А  Б  В  Г  Д  Е  Ж  З  И  Й  К  Л  М  Н  О  П  Р  С  Т  У  Ф  Х  Ц  Ч  Ш  Щ  Э  Ю  Я  

 


А другие? В своей профессиональной деятельности Зоргер еще ни разу не сделал ничего такого, чем бы он мог быть действительно полезен другим, ни какому-нибудь отдельному человеку, ни какой-нибудь группе людей: он не участвовал в разработках нефтяных скважин, ему не доводилось предсказывать землетрясения, никто не привлекал его даже хотя бы в качестве ответственного лица к проверке состояния грунта при строительстве какого-нибудь объекта. И все же он был уверен в непреложности «своего личного факта»: если бы он не старался принимать на себя все то неприятное, что есть в каждом участке земли, если бы он не умел, используя имеющиеся в его распоряжении методы, читать ландшафты и передавать прочитанное уже в систематизированном виде другим, с ним бы никто не смог общаться, никто.

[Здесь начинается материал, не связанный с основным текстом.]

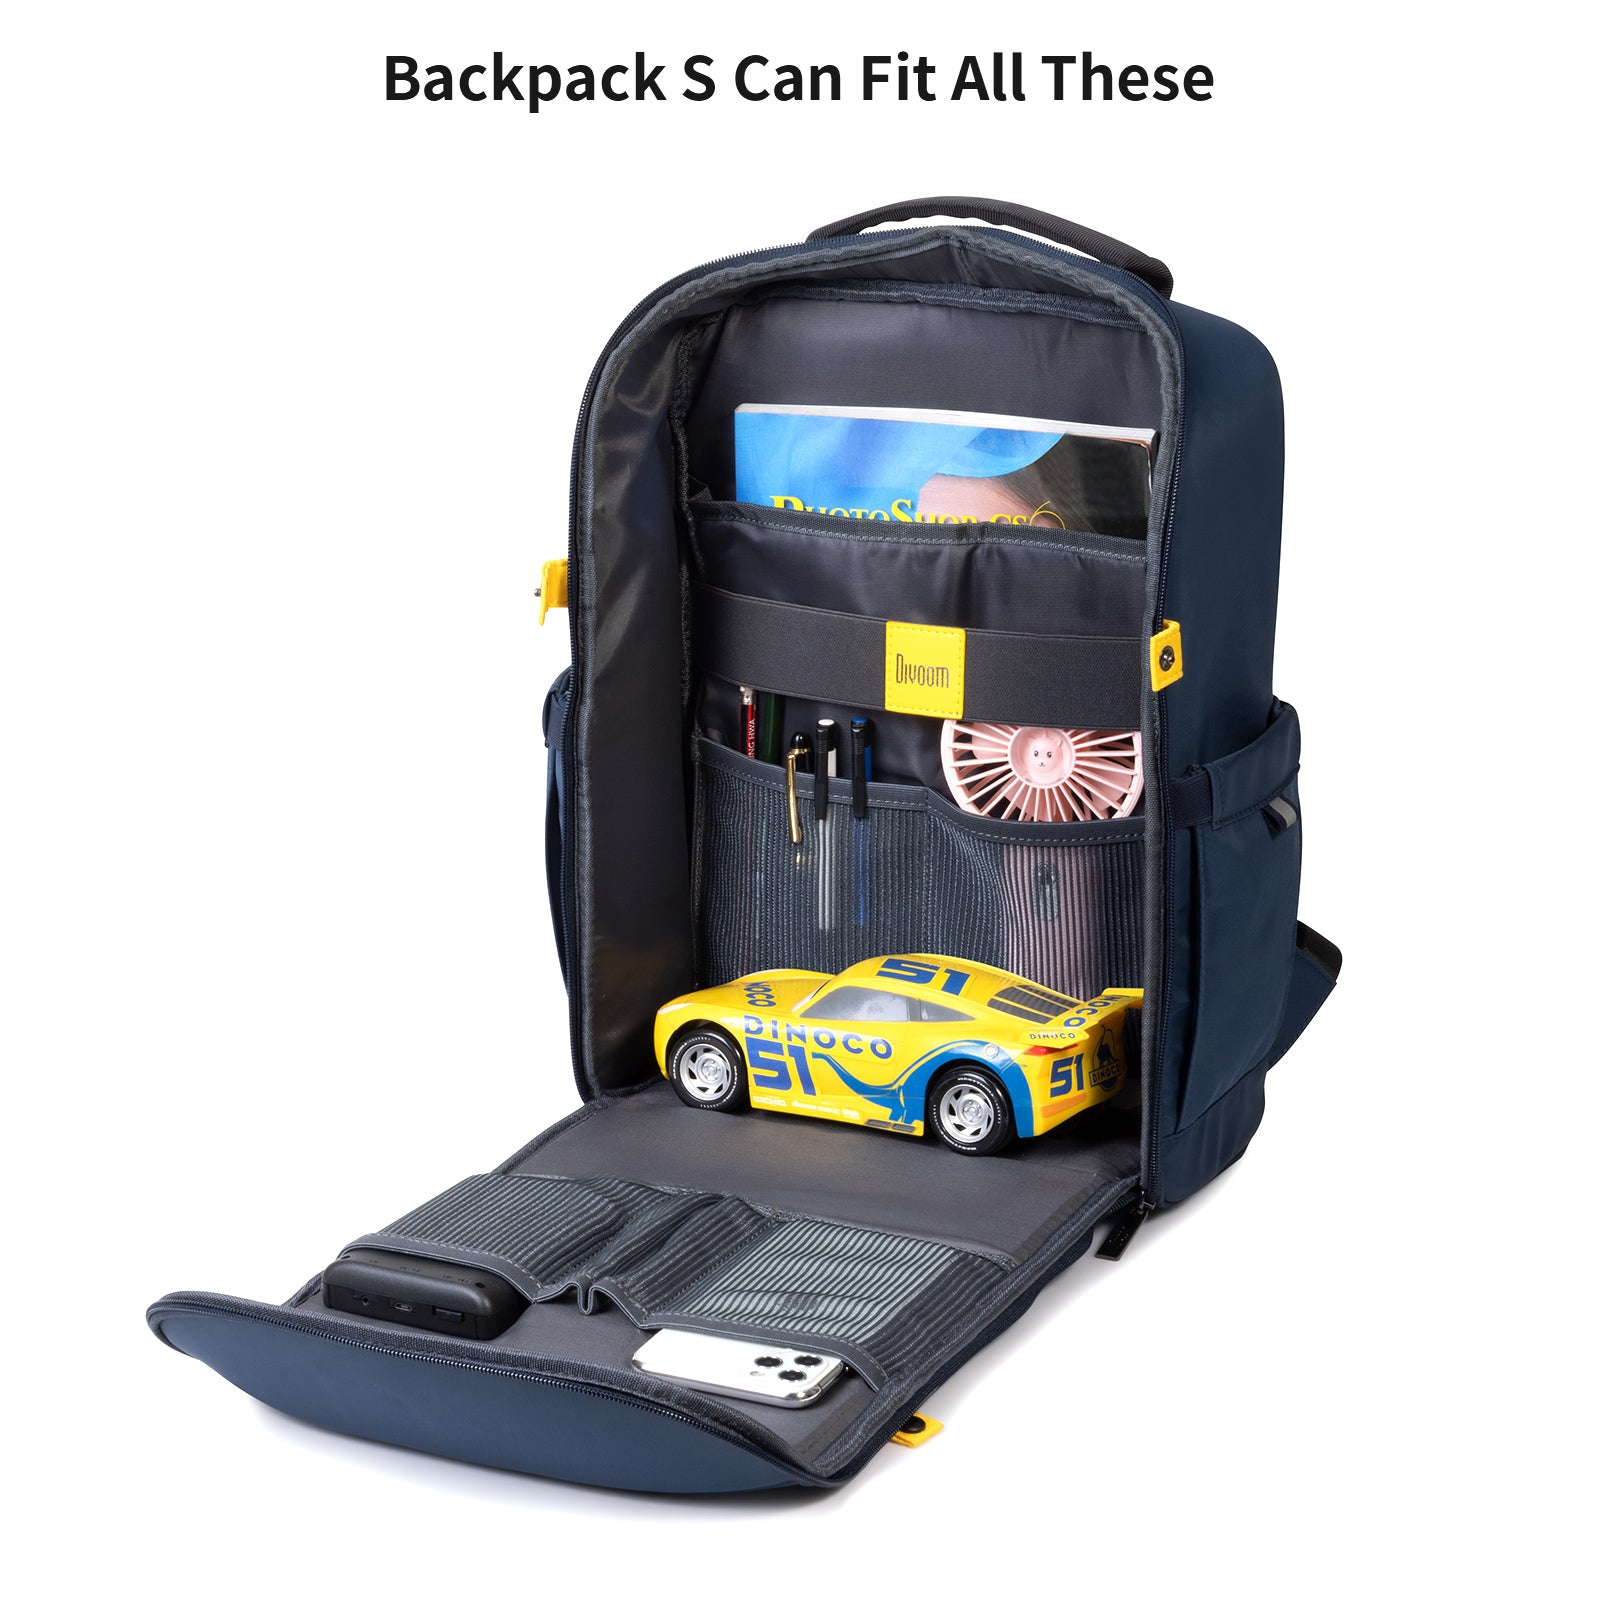 Backpack S with huge storage space

Он вовсе не считал, что его наука – нечто вроде мировой религии; педантичное исполнение профессионального долга («образцово показательной» называл его работу Лауффер, отличавшийся, напротив, неорганизованностью и какой-то милой непоседливостью) превращалось для него в своеобразное упражнение, призванное научить его доверять миру, а размеренность всех его движений как в работе, так и в быту была не чем иным, как попыткой уйти в медитацию, удававшейся, правда, лишь в таких местах, как ванная, кухня или мастерская, где он начинал тогда неспешно блуждать. Вера Зоргера была ни на что не направлена; просто благодаря ей он мог, когда это ему удавалось, превращаться в часть «своего предмета» (дырчатого камня, а иногда и башмака на столе, какой-то ниточки на микроскопе), и она же наделяла его, часто такого подавленного, только теперь ощутившего себя настоящим исследователем, чувством юмора, и тогда, погрузившись в состояние тихой вибрации, он принимался просто более пристально рассматривать свой мир.
В такие периоды, когда он беззаветно отдавался чувству приязни (в редкие моменты, когда его посещала надежда, он сам себе казался глупцом), в Зоргере не было ничего божественного, он просто знал, пусть это знание было мимолетно, но уловимо и закрепляемо на веки вечные в формах, что такое хорошо и что такое плохо.
У него была потребность в такой вере, которая была бы направлена на что-нибудь, хотя он никогда не мог себе представить никакого Бога; но в те периоды, когда он бывал подавлен, он замечал, что ему искренне хотелось, – быть может, это было не желание, а только навязчивая идея? – он чуть что не молил о том, чтобы вместе с каждой мыслью его посещала мысль о Боге. (Иногда он даже мечтал о том, чтобы стать по-настоящему верующим, но это ему никогда не удавалось, хотя при этом он был уверен в том, что «боги» его понимают.)
Завидовал ли он безмятежно верующим, всем этим бесчисленным спасшимся душам? Его просто трогало в них полное отсутствие настроений, их способность без особого труда переходить от серьезности к веселости, их неизменная благотворная и такая добрая обращенность вовне; сам он, честно говоря, был недобрым, и это его определенно не устраивало: слишком часто он реагировал на что-то восторженным потоком слов, а уже через секунду не испытывал по этому поводу ничего, кроме глухой досады, хотя на самом деле нужно было бы отнестись к этому со снисходительным юмором и раз и навсегда закрыть эту тему.
И все же верующие не могли составить ему компанию. Он понимал их, но не мог говорить с ними на их языке, потому что у него не было языка, а в те редкие минуты, когда он впадал в несвойственную ему религиозность, он все равно бы говорил чужим им языком: «темной ночью их веры», когда язык скован немотой, – он все равно оставался бы им непонятным.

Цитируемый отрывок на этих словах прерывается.